[Start of section]
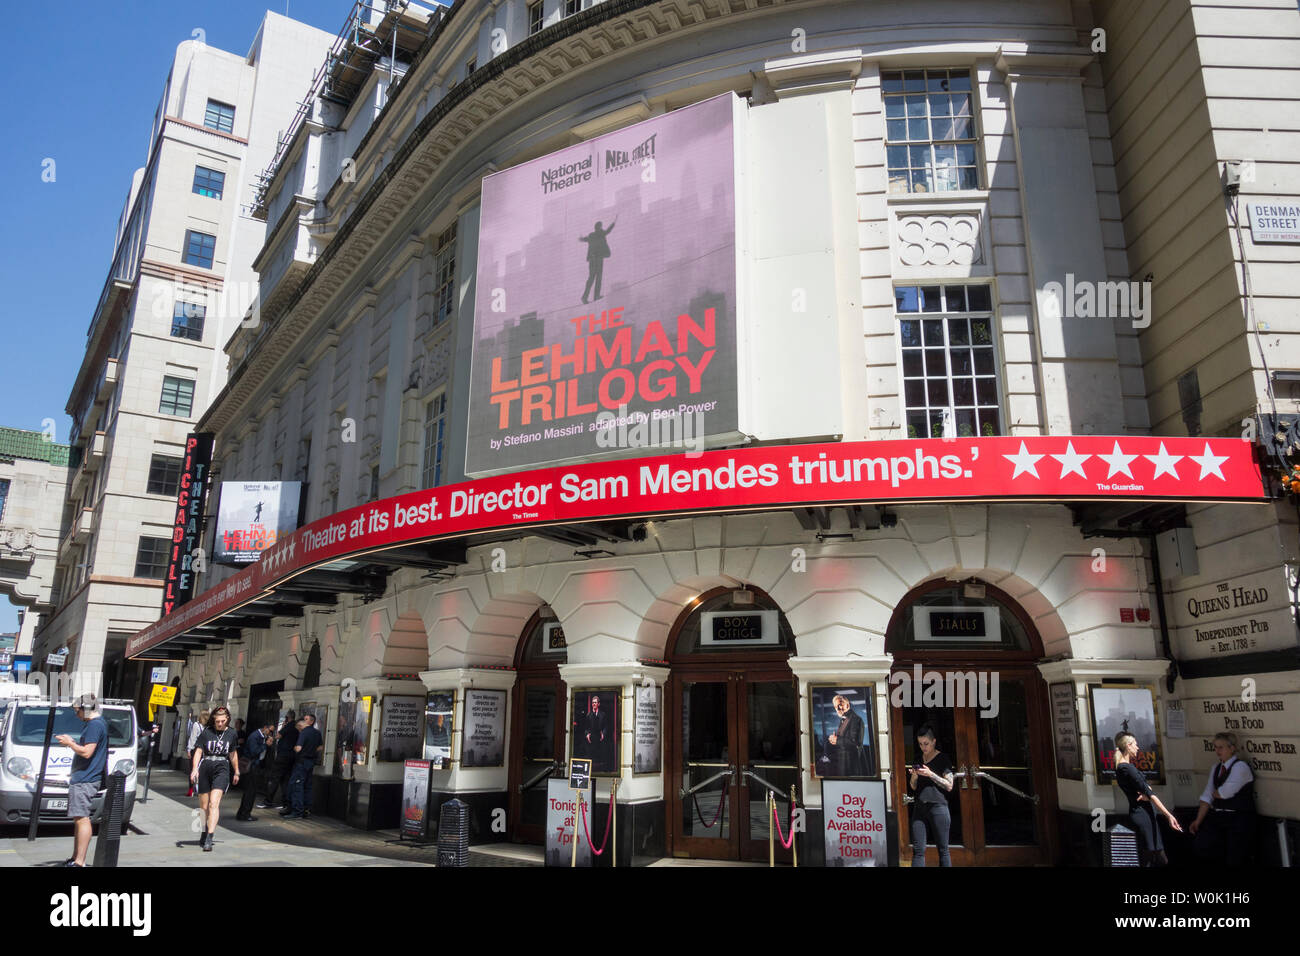 Stefano Massini des Lehman Trilogie im Piccadilly Theatre unter der Regie von Sam Mendes Stockfoto
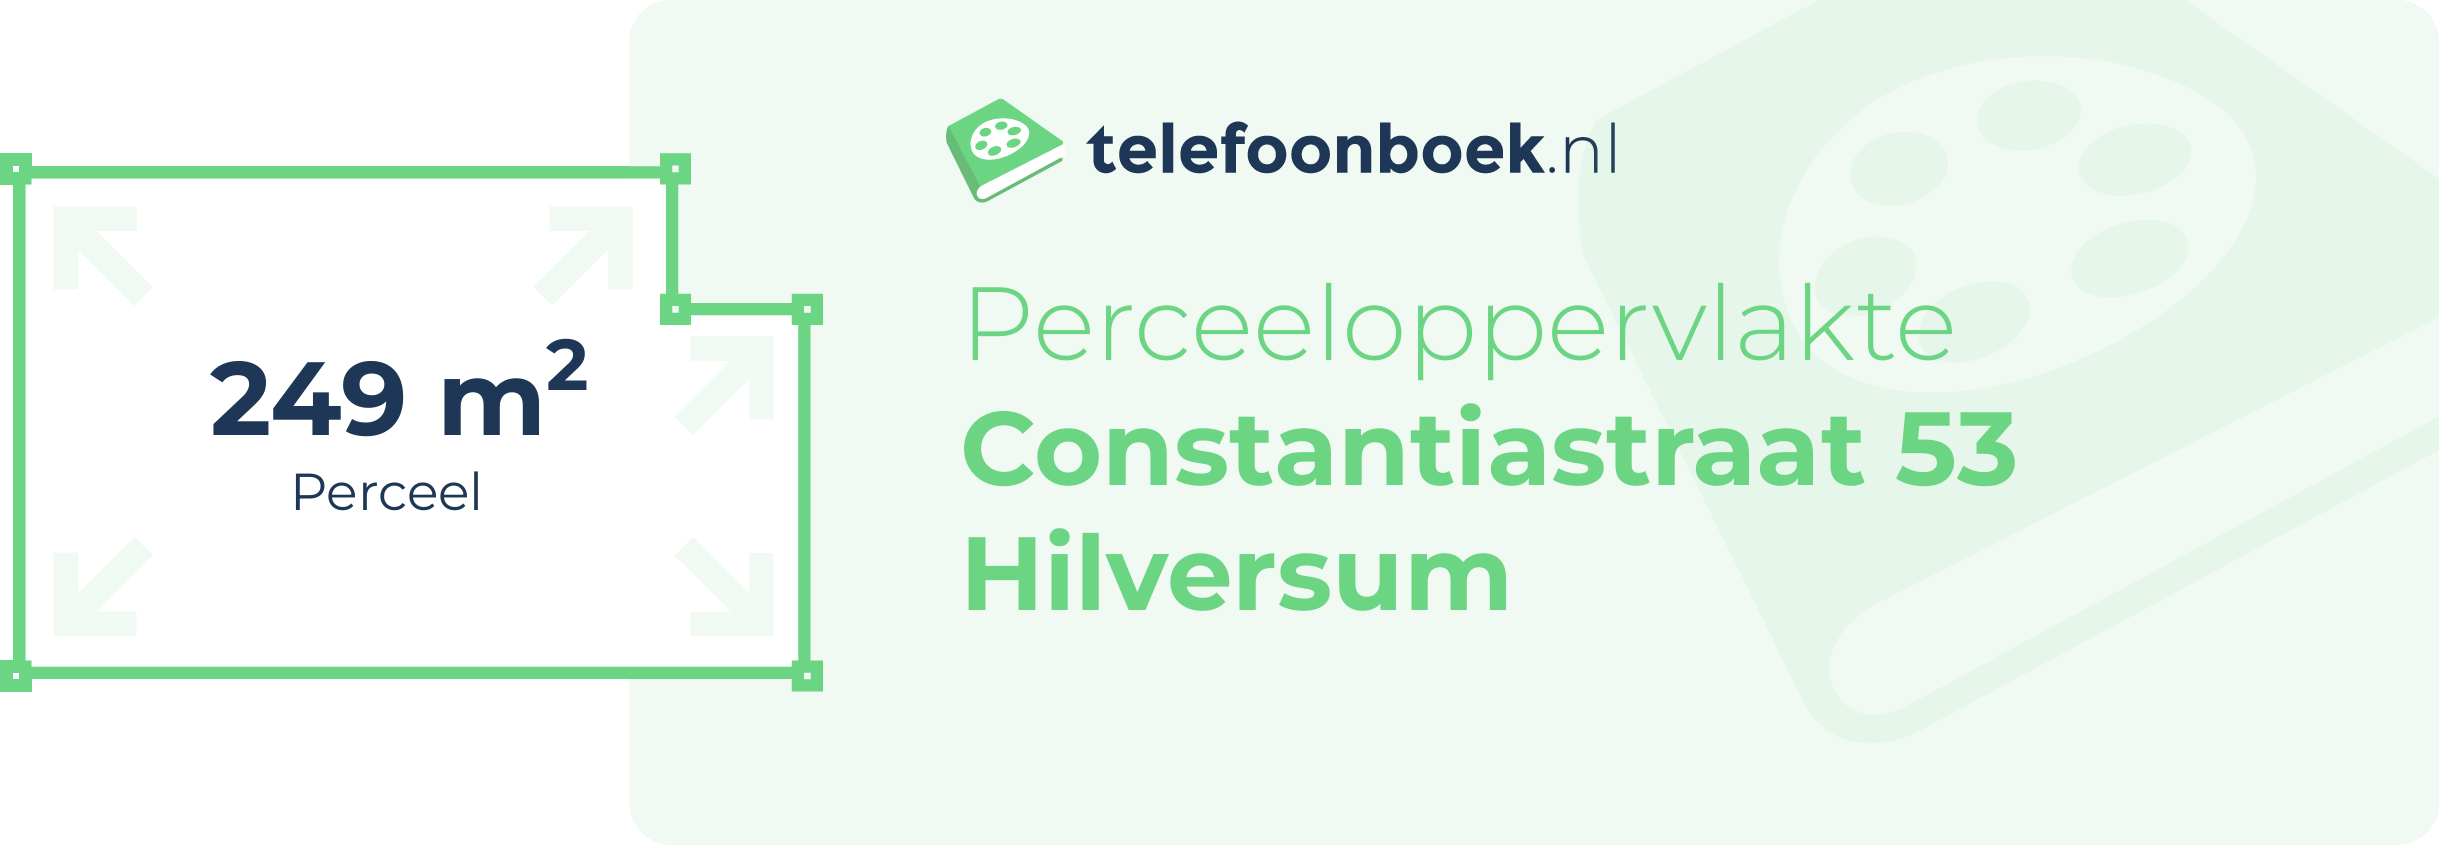 Perceeloppervlakte Constantiastraat 53 Hilversum
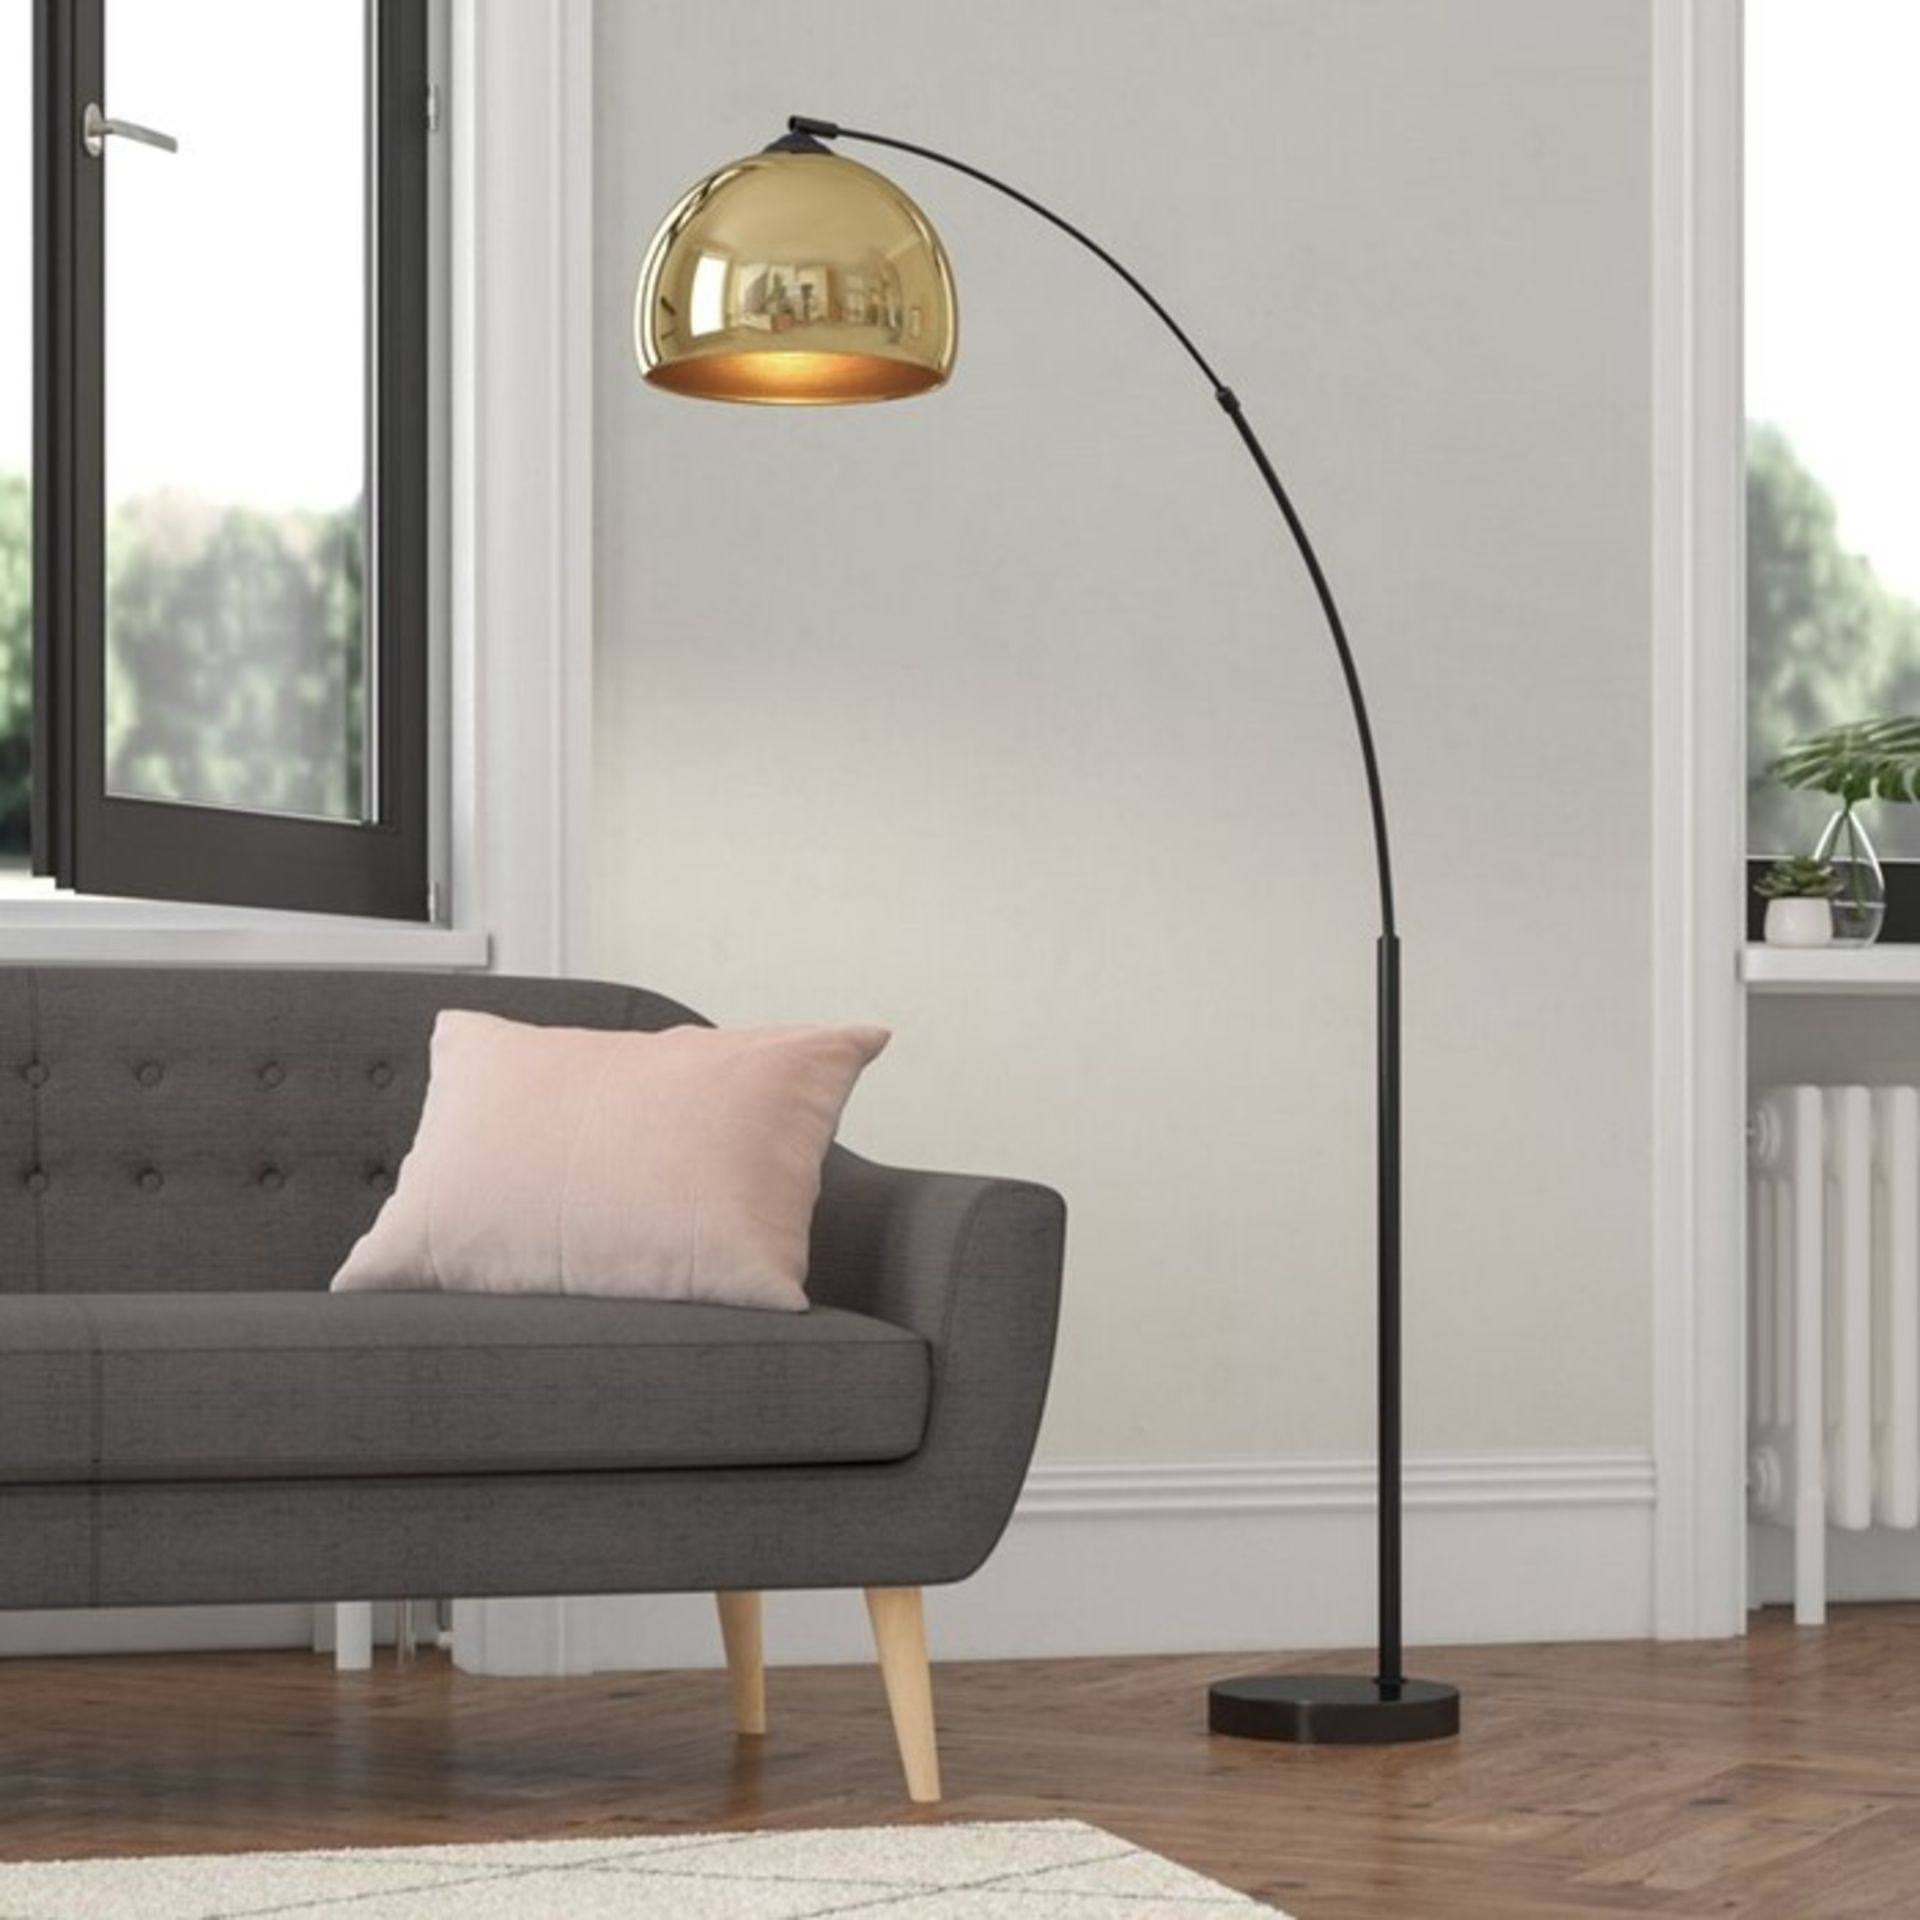 Fairmont Park, Loreta 170cm Arched Floor Lamp (BLACK & GOLD) - RRP £103.99 (VSNR1039 - 16872/41) 3G
[End of section]
| PROBLEM STATEMENT |
All of the lines above should be copied exactly, apart from the pictures.

| OUTPUT |
 Stefano Massini des Lehman Trilogie im Piccadilly Theatre unter der Regie von Sam Mendes Stockfoto
 Perceeloppervlakte Constantiastraat 53 Hilversum
 Fairmont Park, Loreta 170cm Arched Floor Lamp (BLACK & GOLD) - RRP £103.99 (VSNR1039 - 16872/41) 3G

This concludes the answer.